I have this experiment where there are two random vectors $P_1 = (x_1,y_1)$ and $P_2 = (x_2,y_2)$. These two vectors represents two measurements for the location of two nearby points ($10$ meters apart) using two independent sensors. I want to calculate the covariance matrix and correlation coefficient between $P1$ and $P2$ using $10,000$ measurements I have. I know how do this for two random variables but not in the case of two random vectors.

Best Answer

Let $\mathbf{x}$ be a random column vector. In matrix notation, the covariance matrix for $\mathbf{x}$ can be expressed as:

$$ \Sigma = E\left[\left( \mathbf{x} - E[\mathbf{x}]\right) \left(\mathbf{x} - E[\mathbf{x}]\right)' \right] $$

The sample analogue is: $$ \hat{\Sigma} = \frac{1}{n-1} \sum_i \left( \mathbf{x}_i - \hat{\boldsymbol{\mu}}\right) \left(\mathbf{x}_i - \hat{\boldsymbol{\mu}}\right)' \quad \quad \hat{\boldsymbol{\mu}} = \frac{1}{n} \sum_i \mathbf{x}_i $$ where each $\mathbf{x}_i$ is a column vector containing the $i$th observation.

Something standard is to put your $n$ observations in an $n$ by $k$ data matrix $X$ where each row is an observation. That's standard convention in statistical texts and something similar is standard practice in many programming environments.

$$ X = \left[ \begin{array}{c} \mathbf{x}_1' \\ \mathbf{x}_2' \\ \ldots \\ \mathbf{x}_n' \\ \end{array} \right] $$

Various operations can be expressed quite elegantly with matrix notation using the data matrix $X$. The sample covariance matrix can be written as

$$(X - \hat{\boldsymbol{\mu}}')'(X - \hat{\boldsymbol{\mu}}') / (n - 1)$$

where $X - \hat{\mathbf{u}}'$ means you subtract the row vector $\hat{\mathbf{u}}'$ from each row of $X$.

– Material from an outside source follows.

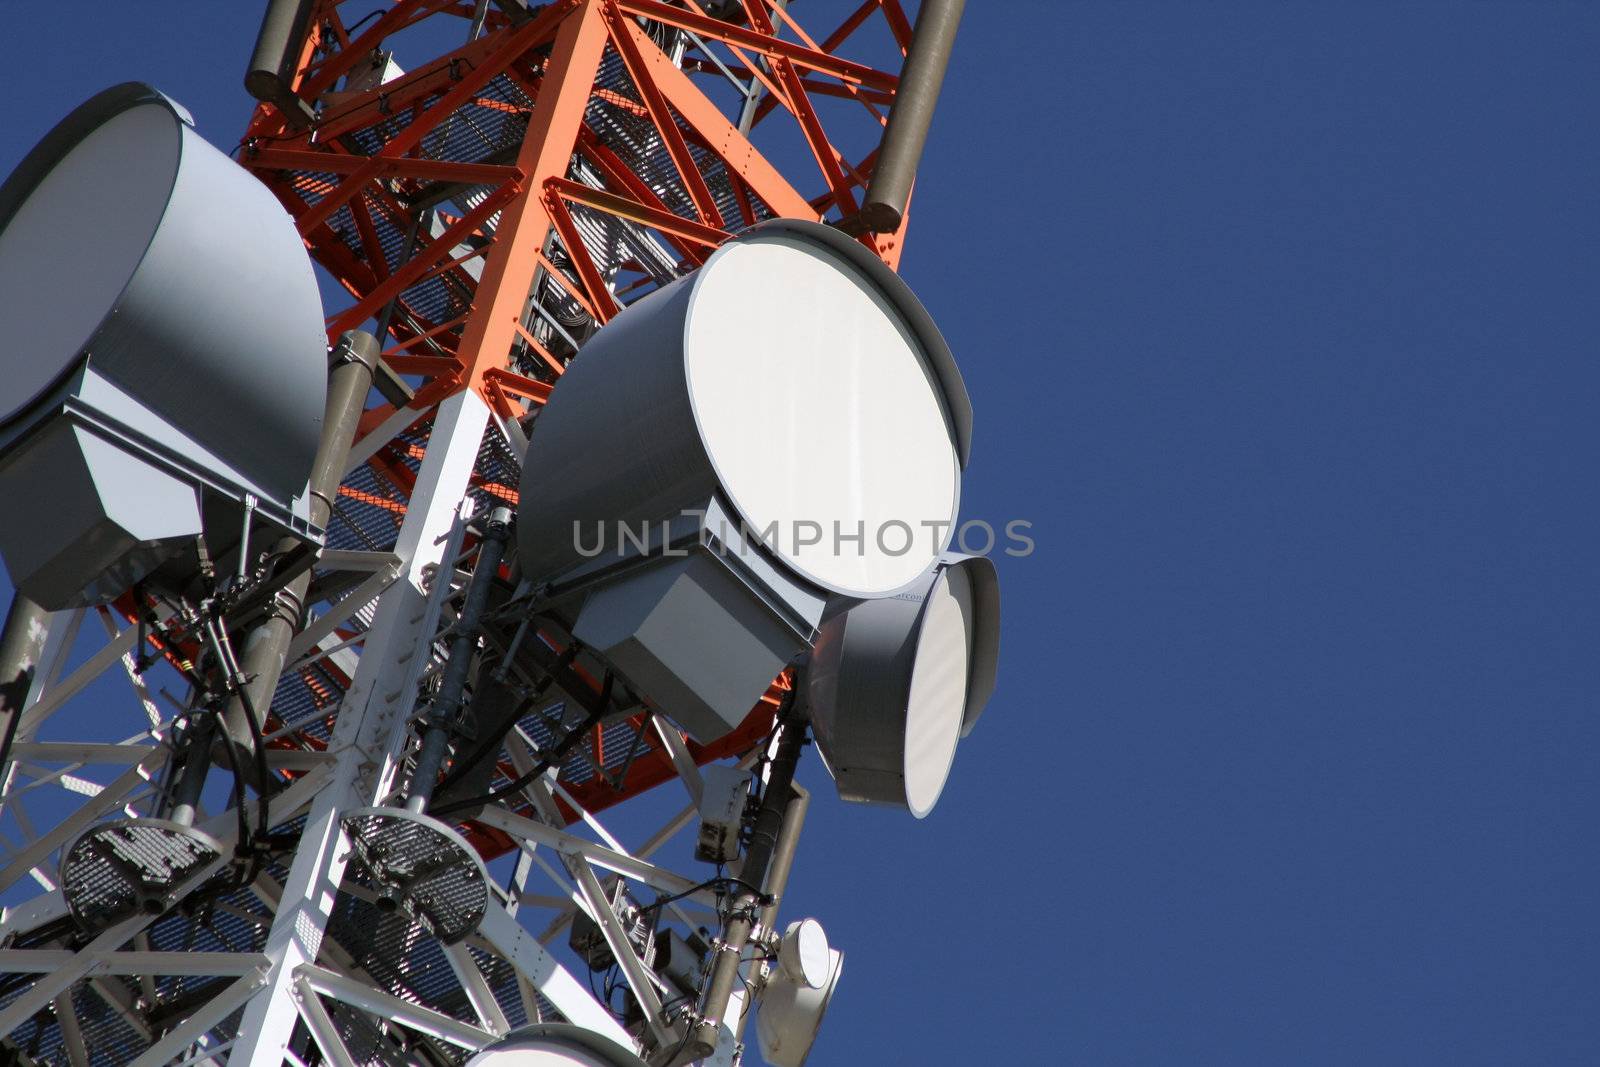 radio mast with new technology and big recievers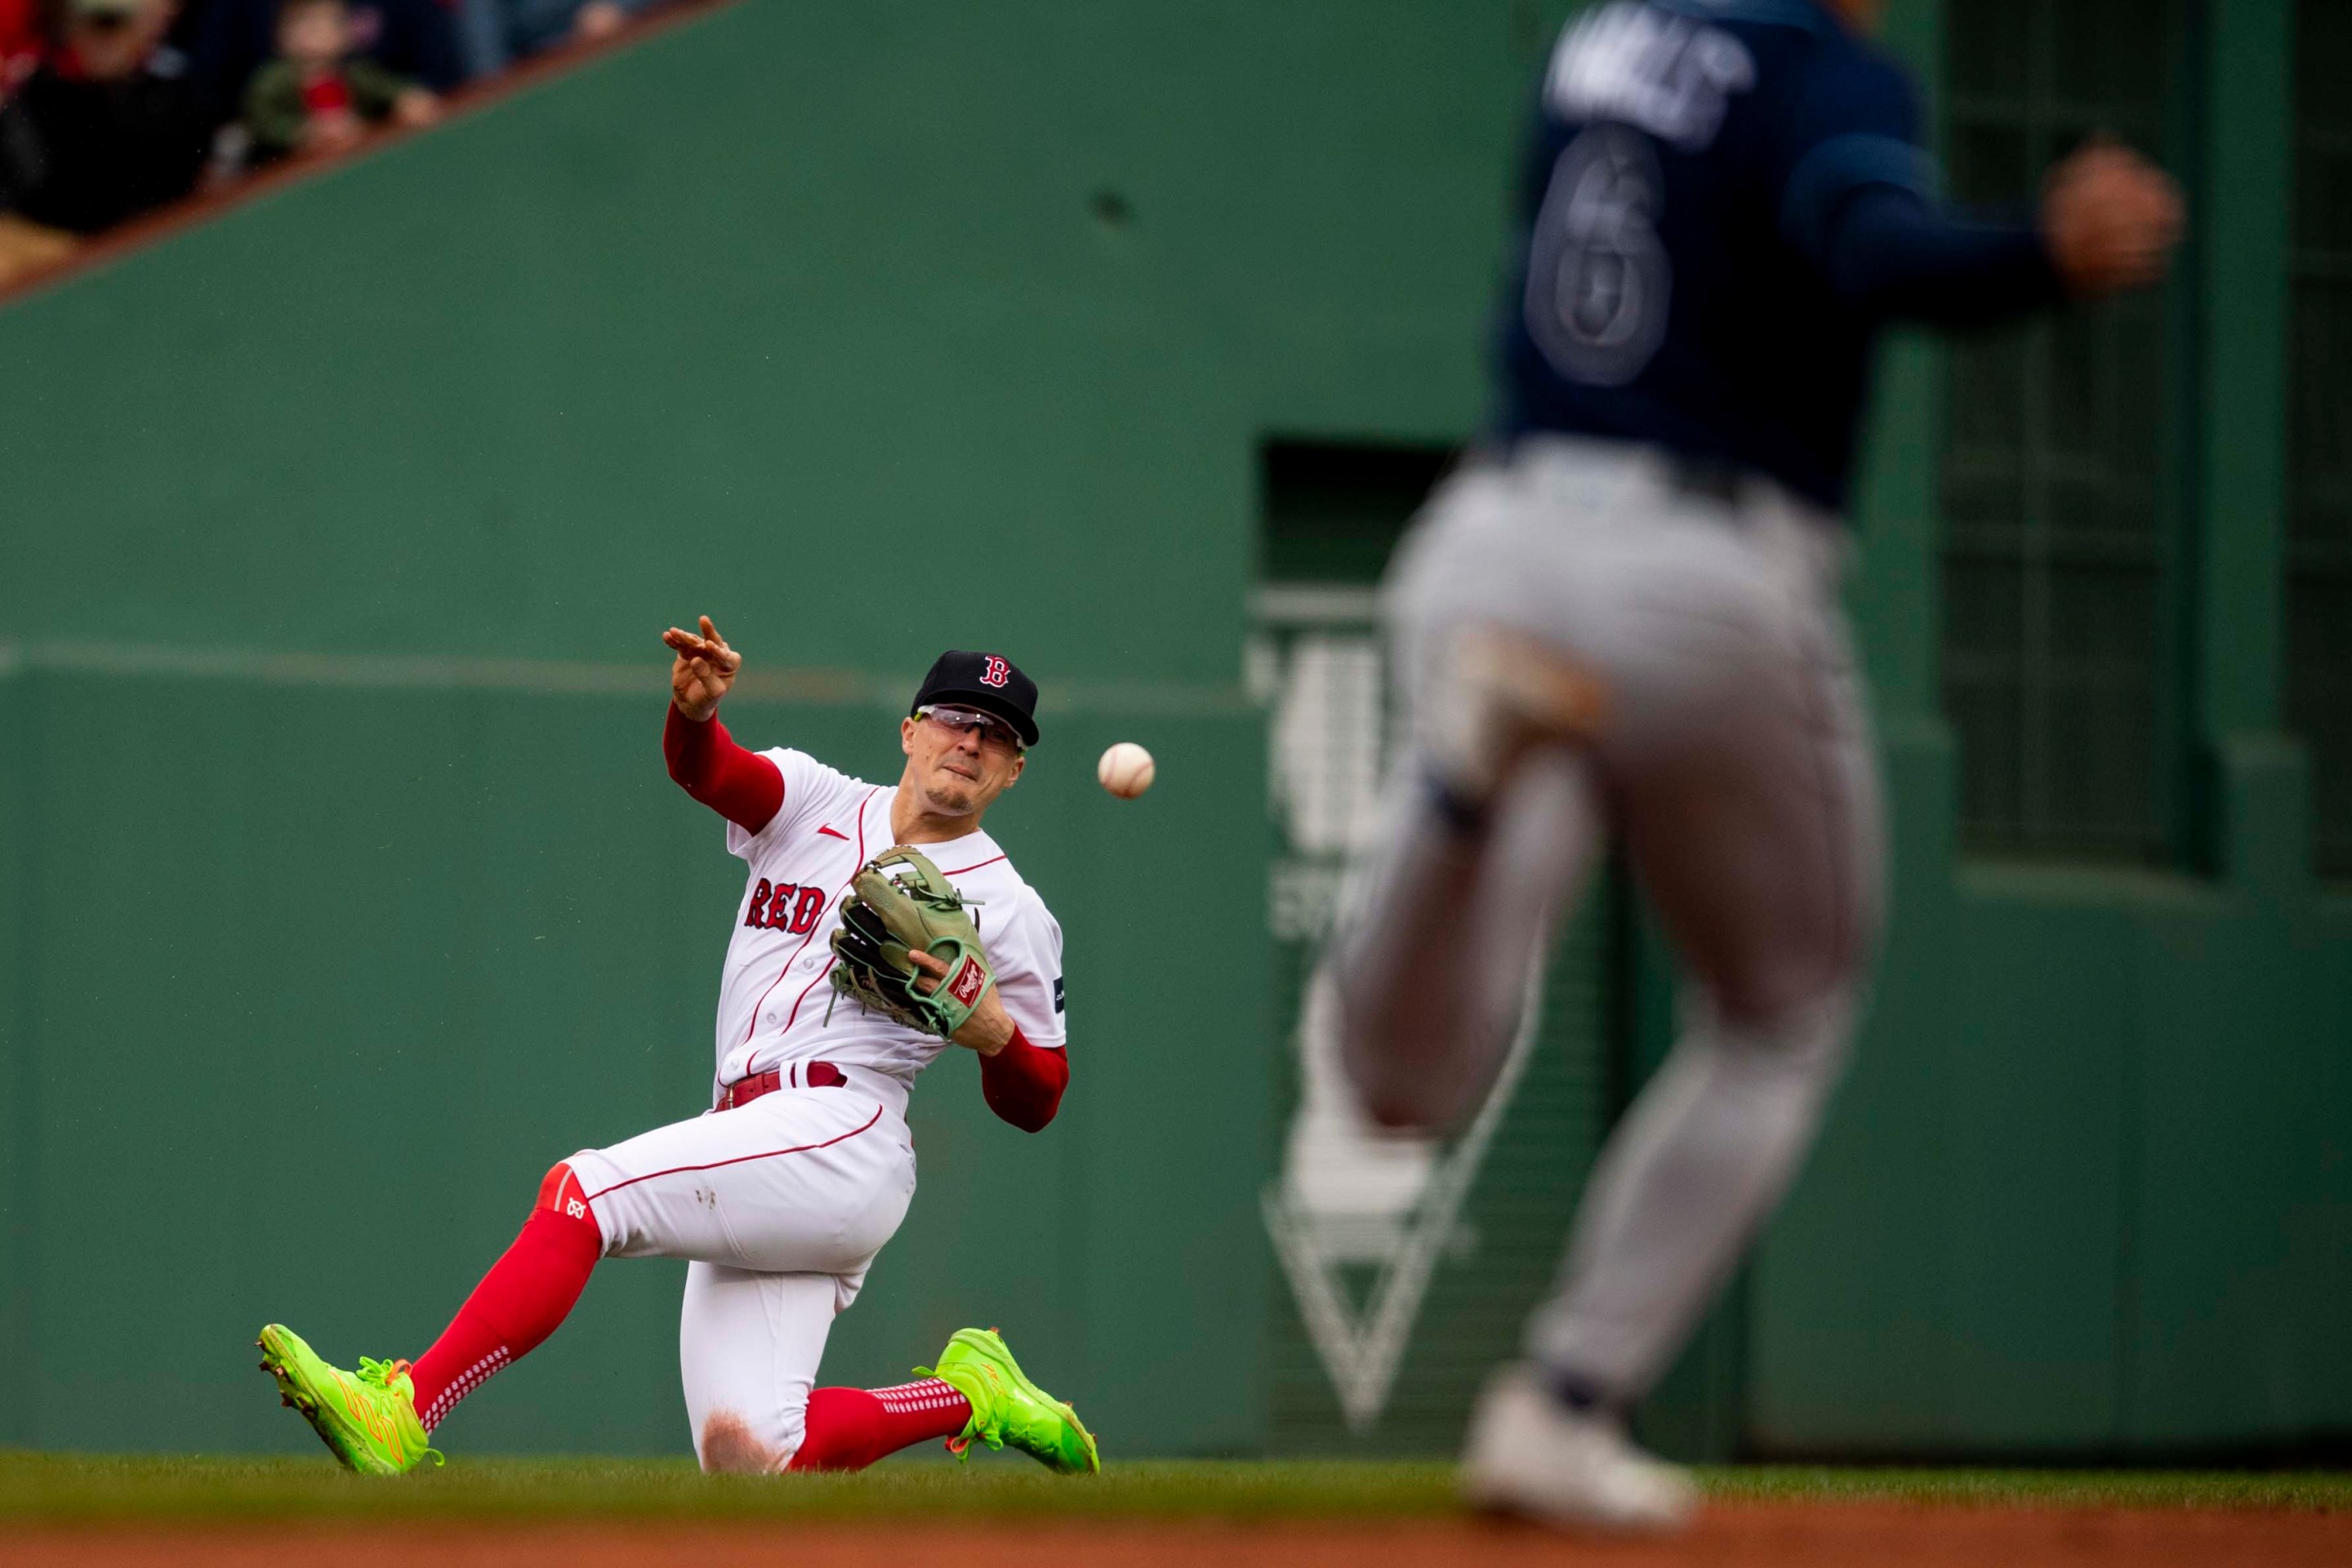 Enrique Hernandez #5 of the Boston Red Sox makes an error as he throws to second base during the second inning of a game against the Tampa Bay Rays on June 3, 2023 at Fenway Park in Boston, Massachusetts.

(Note: bold letters are vectors, upper case are matrices, lower case are scalars, and $'$ means taking the transpose.)

Matlab comment:

In Matlab, you can easily follow the formulas exactly: make a data matrix $X$, compute $\hat{\boldsymbol{\mu}}$, and compute $\hat{\Sigma}$. There are also built-in functions, mean and cov respectively, which will do it for you.